Why Maranoa residents will cop a 3.5% rate rise
THE move to increase local government rates by 3.5% was a necessary move to keep the region solvent, according to the Deputy Mayor.
With Maranoa Regional Council placing more emphasis on renewing exsiting funding this year and revenue from sales and interest falling, Cr Jan Chambers said the rate rise was needed to ensure no services were cut.
"We looked at varying amounts but 3.5% was where we arrived at due to where our costs are going and trying to keep pace with that, but also being mindful of the impacts on our community,” she said.
"It's very much a balancing act.
"You can't afford to do the upgrades or renewals if you don't keep pace with revenue.”
While Roma Airport ($1.3 million) and the Saleyards ($65,644) are budgeted to run at a surplus in 2016/17, sales revenue from the Roma Quarry are expected to fall to just $2.5 million in the same year - a fall of $12 million in just three years.
But Cr Chambers said the quarry was still valuable to MRC.
"It's a case of what's happening with the demand - we went through years where there was a lot of oil and gas and flood damage and there was great demand for quarry product and we've seen that come virtually to a halt,” she said.
It's something we're going to use for our own works.
"There's still value in having that asset.”
Fees and charges (airport passenger tax, dog registration, hire fees) are budgeted to go up by 4% to $11.5 million, which will counteract the decline in sales revenue from assets like the quarry.
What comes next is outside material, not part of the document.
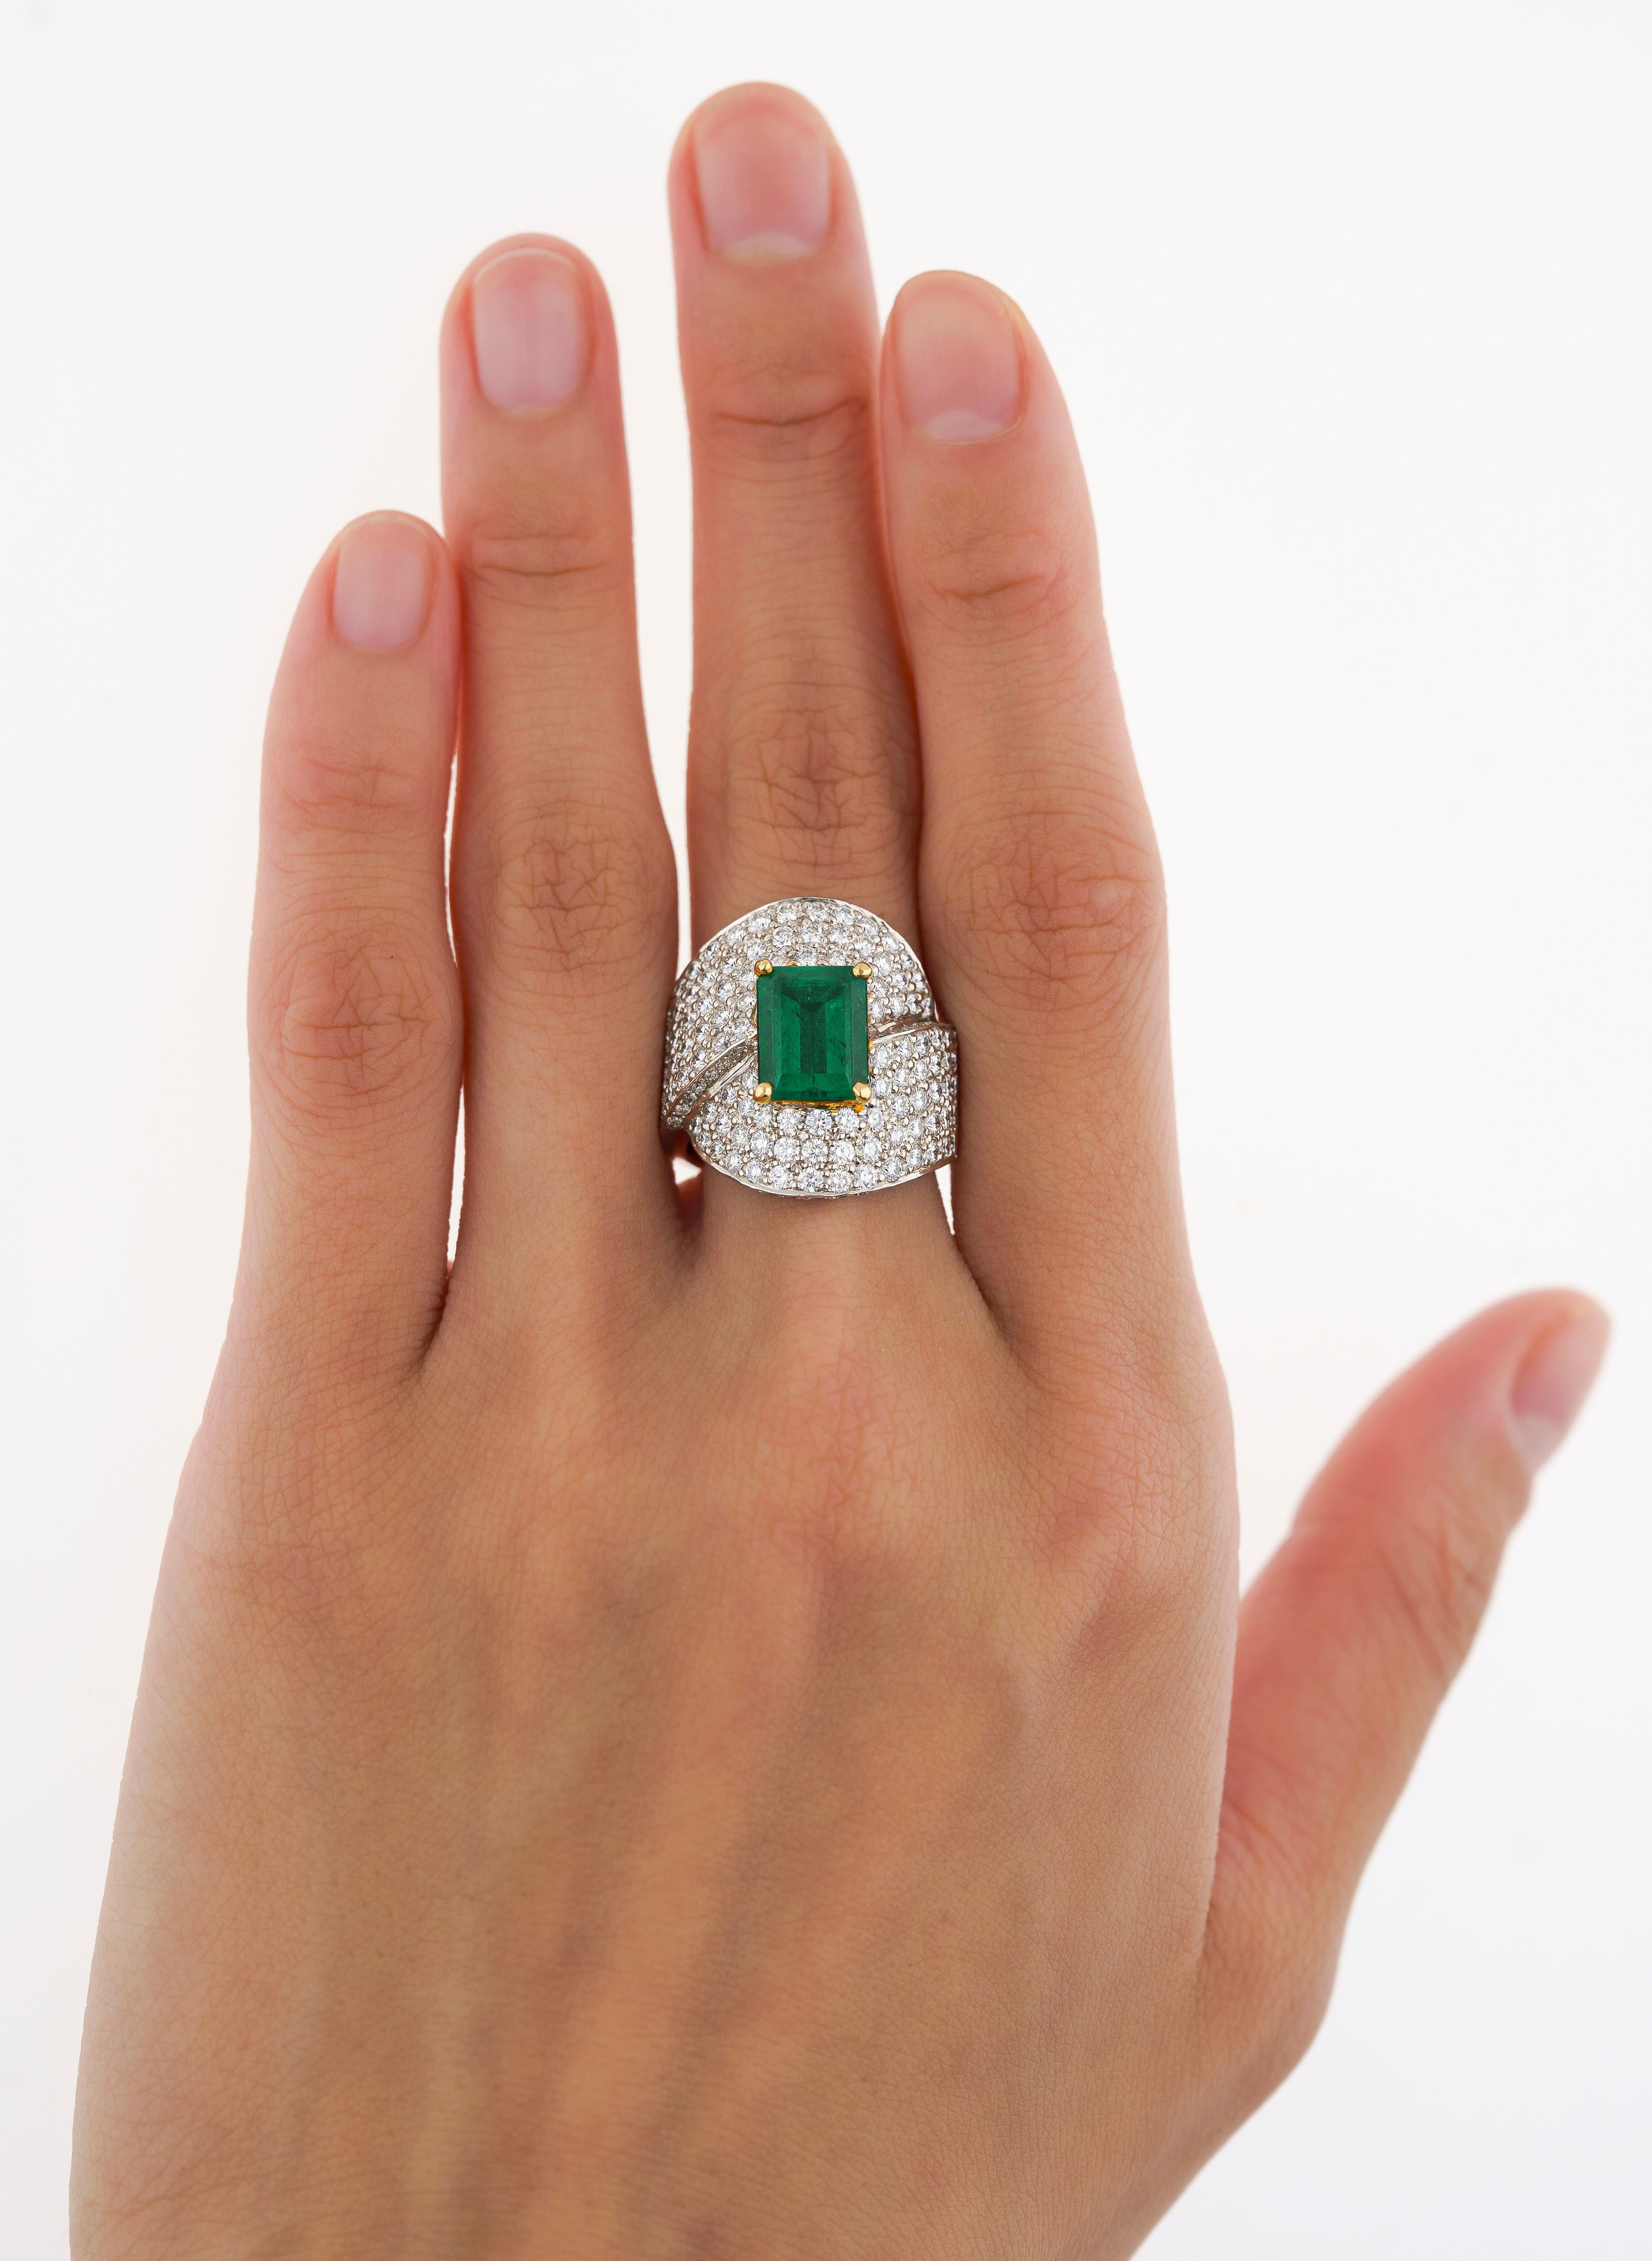 GRS Certified 2.53 Carat Vivid Green Colombian Minor Oil Emerald & Diamond Ring For Sale 1
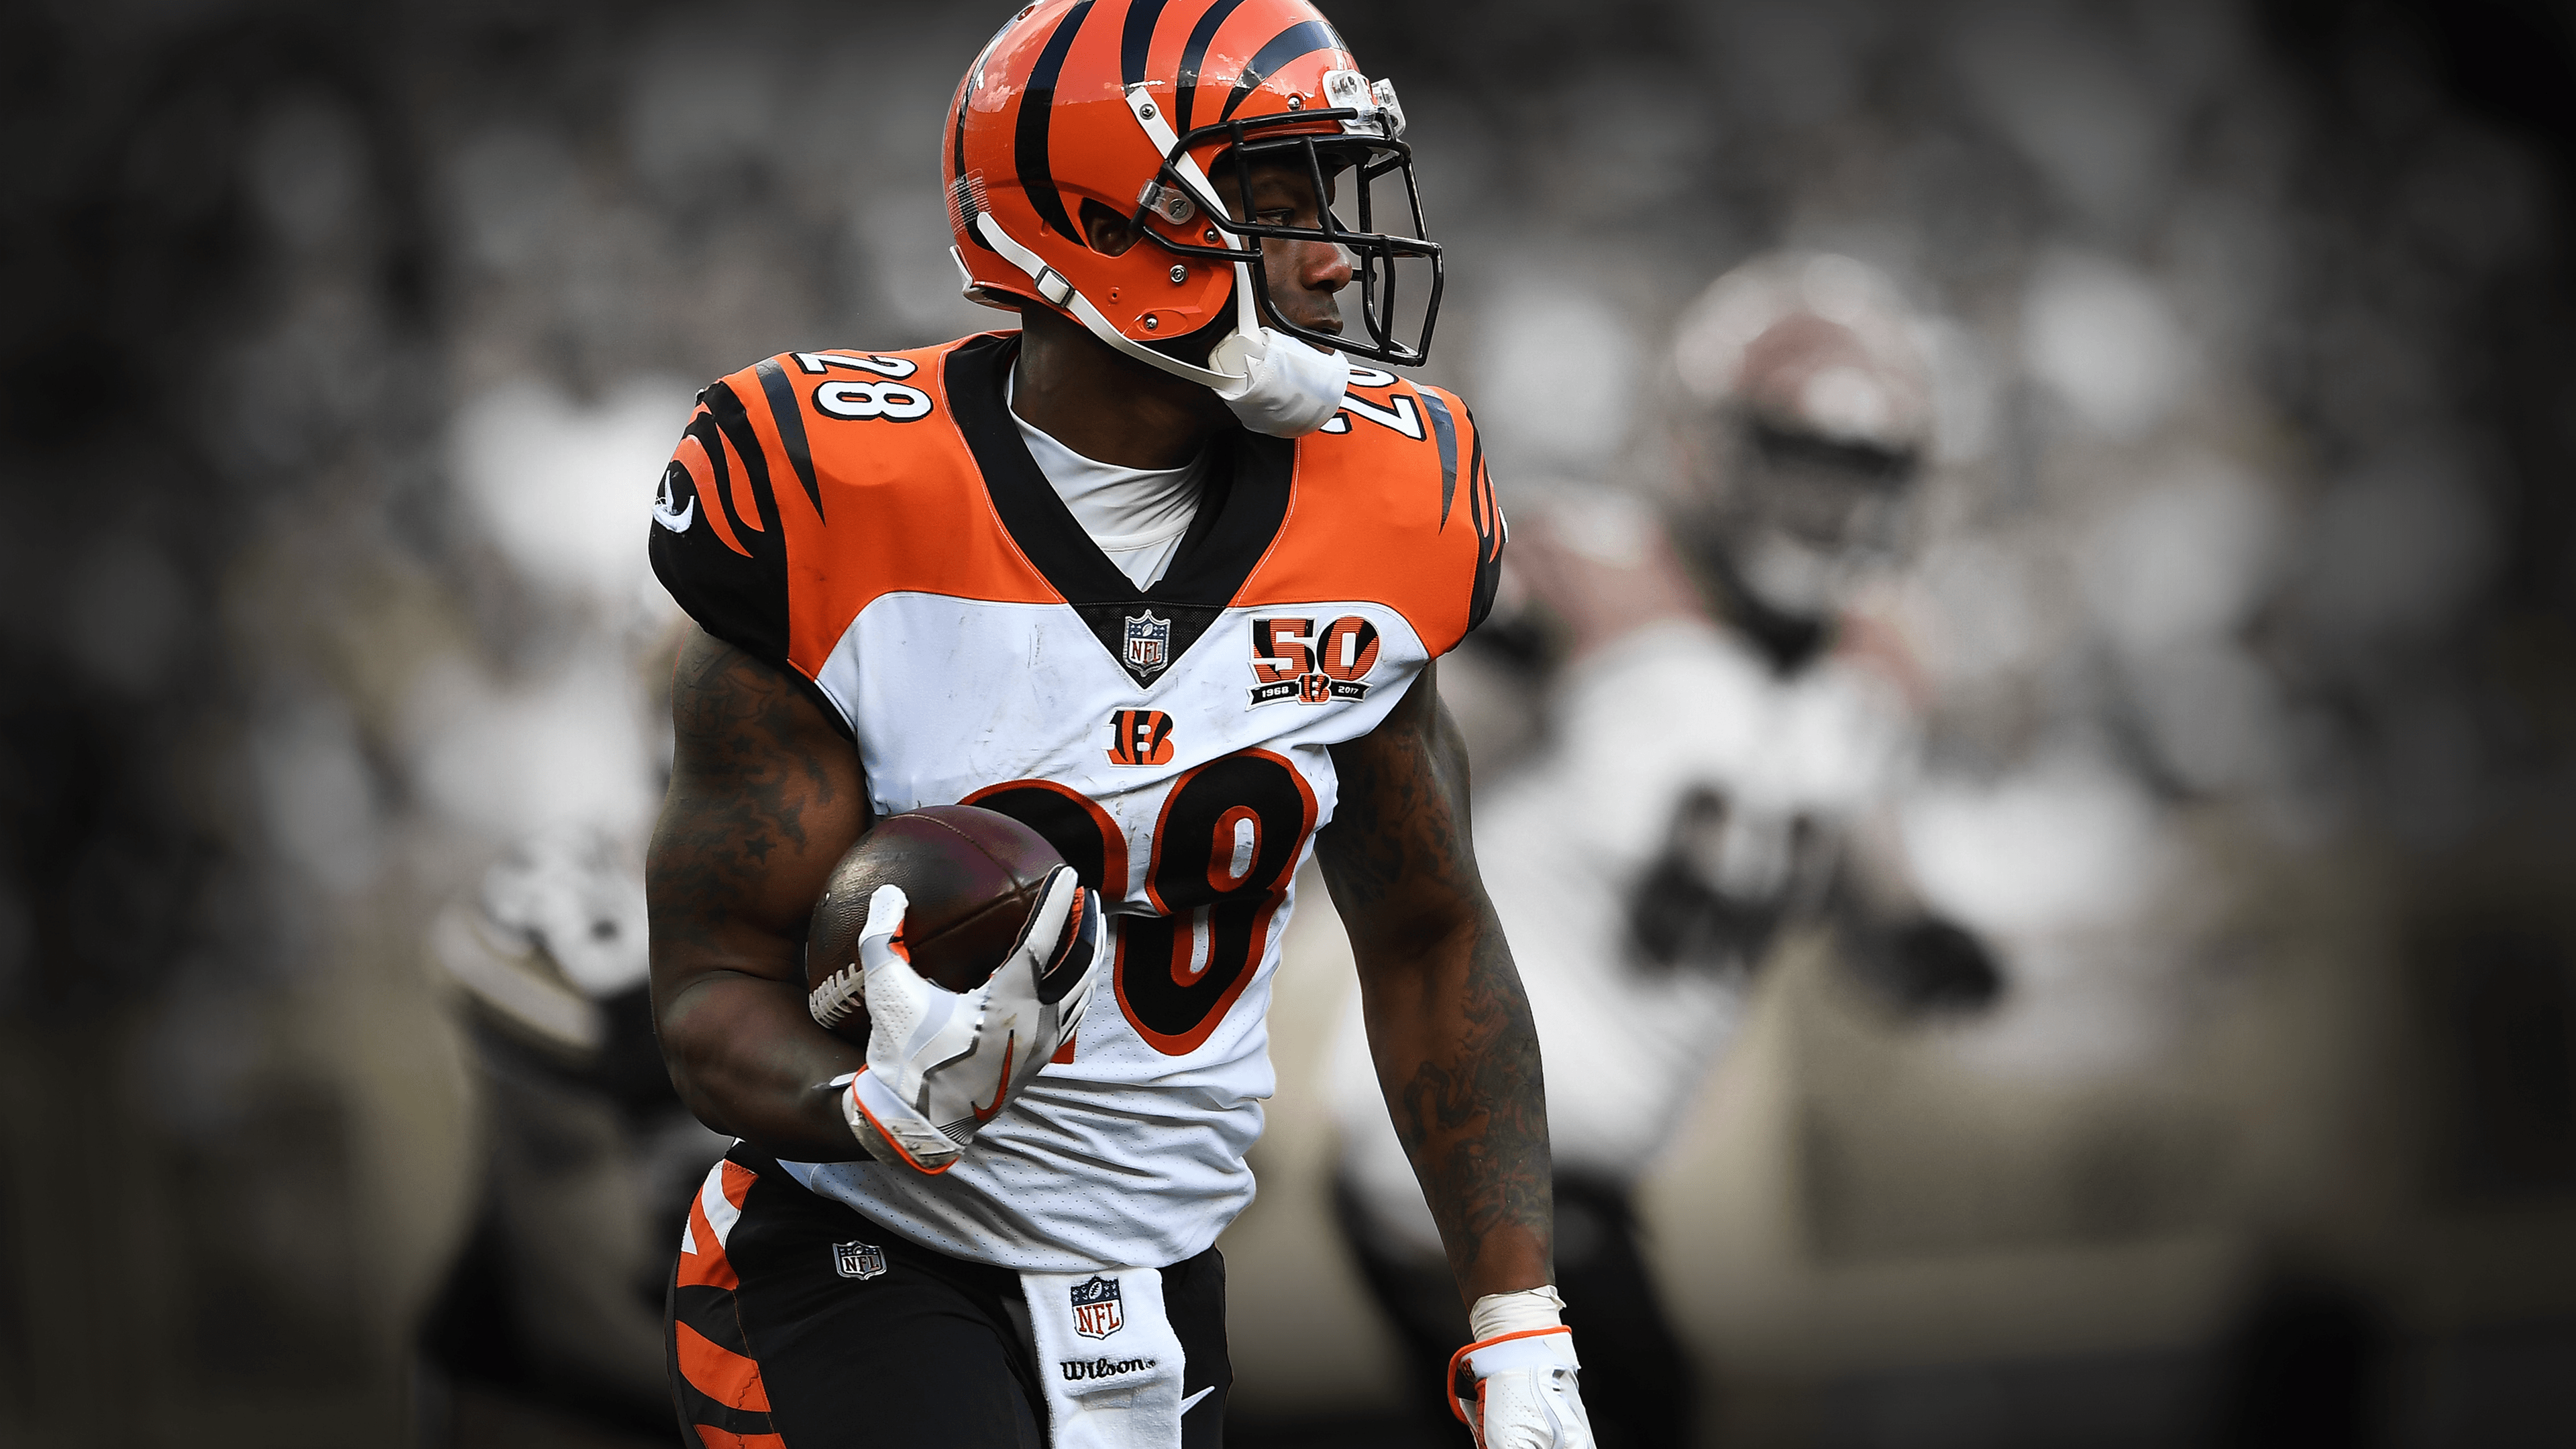 I made a new Joe Mixon desktop wallpaper. Let me know what you guys

The council will also pay down $1.56 million in debt and still maintain a small surplus of $56,000.
"We're looking at paying another $1.56 million off our debt this year, no borrowings as yet and looking to being down to just $12.8 million in debt,” Cr Chambers said.
"That's a very financially responsible position for a council.
"I wouldn't say that people will be happy, because in general the cost of living is an impact upon everyone, but as a council we're conscious of those costs and have tried to bring down a budget that keeps a balance between the rising expenditure and falling revenue.”